Artık televizyonlarda şikayet eden, alan görünümünde değil gerçek de yaptığı vermek olan kısmını ortaya çıkarmakta başarılı olduk. Bu da önümüzde ki en büyük engel olan kötü algı kısmını çözmemize çok büyük katkı sağlamıştır. Yapılan projelerin hepsinin içi doludur. Hem sektöre hem de halka doğrudan olumlu etkiler bırakacak projelerin adımlarını attık. Sanayi odası ile yerli ürün için seferberlik başlattık. Turizm koleji ile yerli istihdam konusunda büyük bir vizyonun harekete geçmesine ön ayak olduk. Bugüne kadar geçen bir yıl süre içerisinde KITOB üyesinden fazla, direk toplum için daha çok çalışmıştır. Bu konuda üyelerimizden haklarını helal etmelerini istiyorum.

Sizin sorunlarınıza henüz çare olamadık ama bilmenizi istiyorum ki gelecek bir yılda bu açığımızı kapatamaya çalışacağız. Sorun demişken size turizmin içinde bulunduğu noktanın objektif bir fotoğrafını çekmek istiyorum. Yüksek bilet ücretleri ile Türkiye’den adaya gelecek olan turist için sıkıntı çok büyütür. Özelikle özel dönemler adanın en boş olduğu dönem olmaya başladı. Türkiye’de bilet sorunu varken Avrupa’dan gelen turistlerin gelmesi için verilen teşvik desteği iki yıldır ödenmediği gibi, 2020 yılı için nasıl ödenecek çalışmaları Başbakanımızın talimatı ile Başbakan Yardımcımızın, Maliye Bakanımızın, Turizm bakanımızın ve Ekonomi Bakanımızın katılımları ile çalışmaya başlandı. İnşallah erken sonuç alırız.

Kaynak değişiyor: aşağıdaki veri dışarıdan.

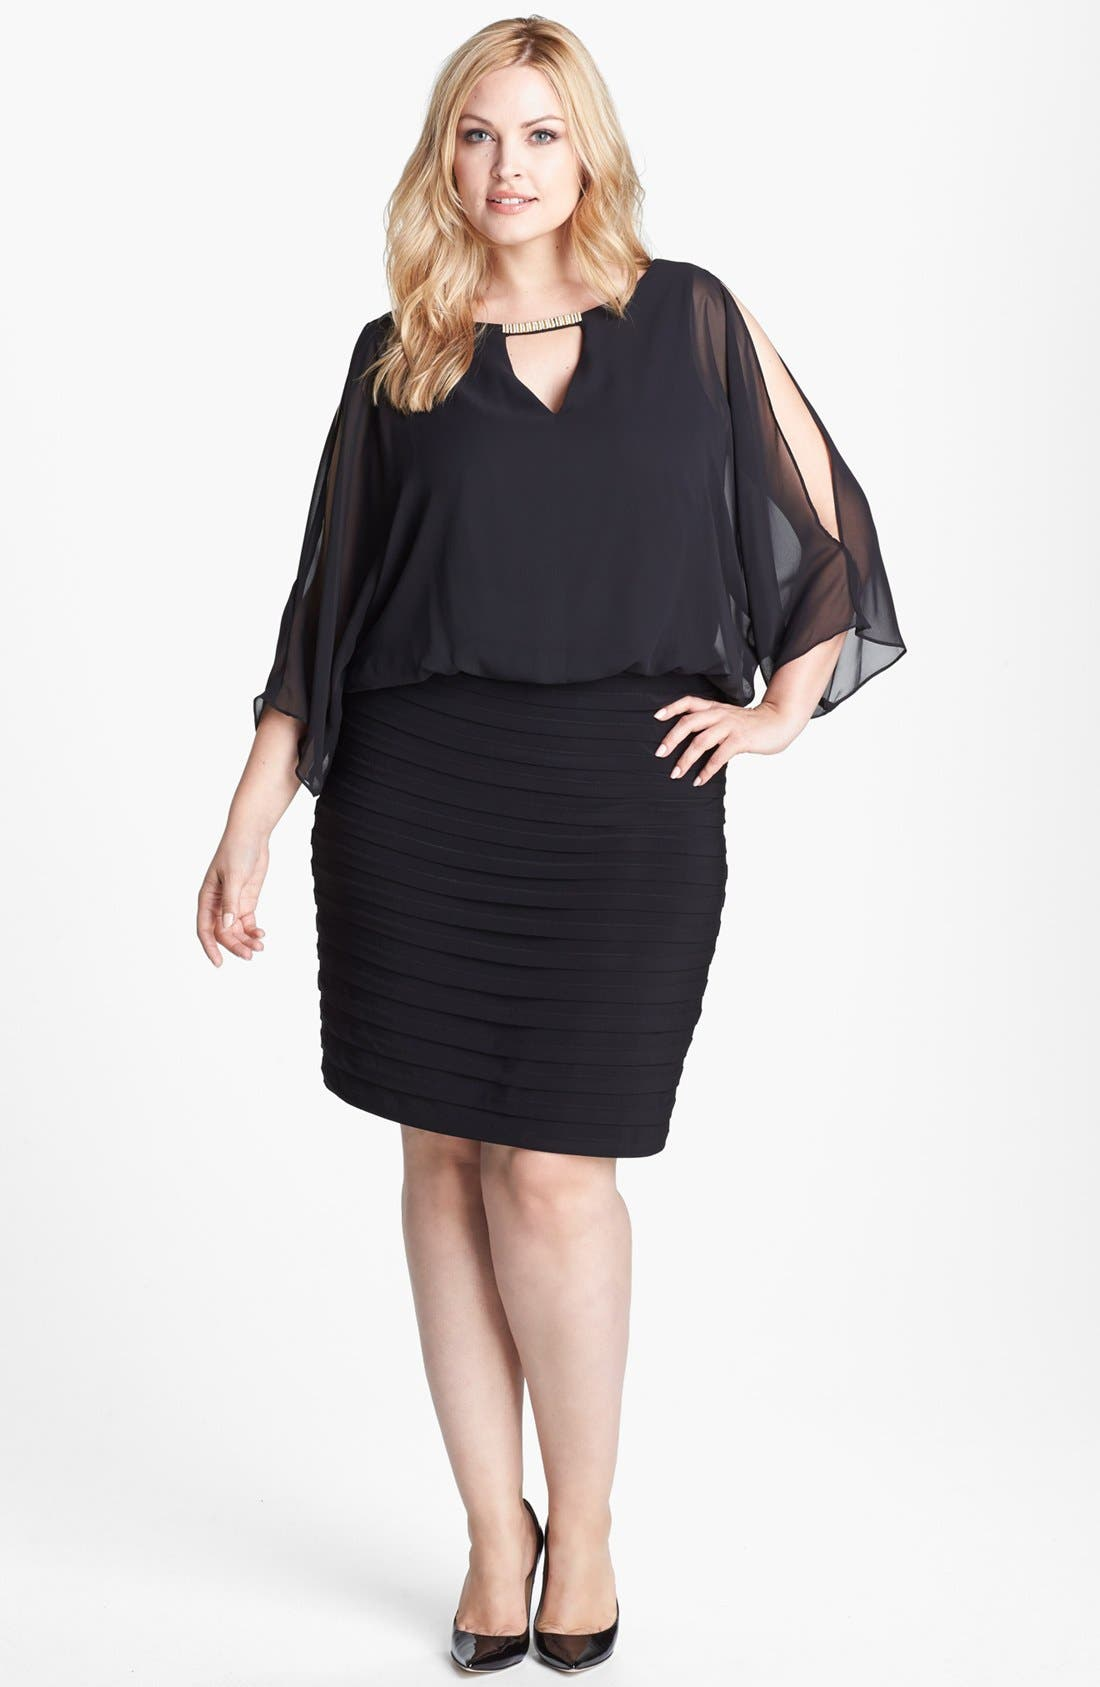 Alternate Image 1 Selected - Xscape Embellished Keyhole Mixed Media Blouson Dress (Plus Size)

Diğer taraftan turistlerin daha çok Ercan dan Larnaca ya kaymasını fark eden Güney Kıbrıs Rum Yönetimi geri durmayıp nasıl daha fazla KKTC ekonomisi büyümesin diye düşünürken, çözümü AB komisyonunun uyguladığı yeşil hat tüzüğünü aleyhimize tadil etmekte buldu. Tam bu sorunlar ile Brüksel’e gidip derdimizi anlatırken Türkiye’de Bankacılık Denetleme Kurulu KKTC’yi dış ülke saydığı için iç piyasada 12 olan taksit sayısını 3’e düşürerek KKTC’ye tam bir turizm ambargosu uyguladı. Tüm bunlar yetmezmiş gibi ülkemize yatırım amacı ile gelmiş, KKTC ye güvenmiş İngiliz vatandaşları ellerinde pankartlar ile soyulduk kandırıldık mesajını veriyorlar. Şimdi tüm bu imkânsızlıklar üzerine yüksek işletme maliyetleri ile uğraşırken, dünya ya bağlanmaya daha çok ihtiyacımız olurken, TC ye bile var olan bağımızın kesilmeye çalışıldığı bir ortamda, inanın ki çok samimi söylüyorum; uyanıp güne başlamak içimizden gelmiyor.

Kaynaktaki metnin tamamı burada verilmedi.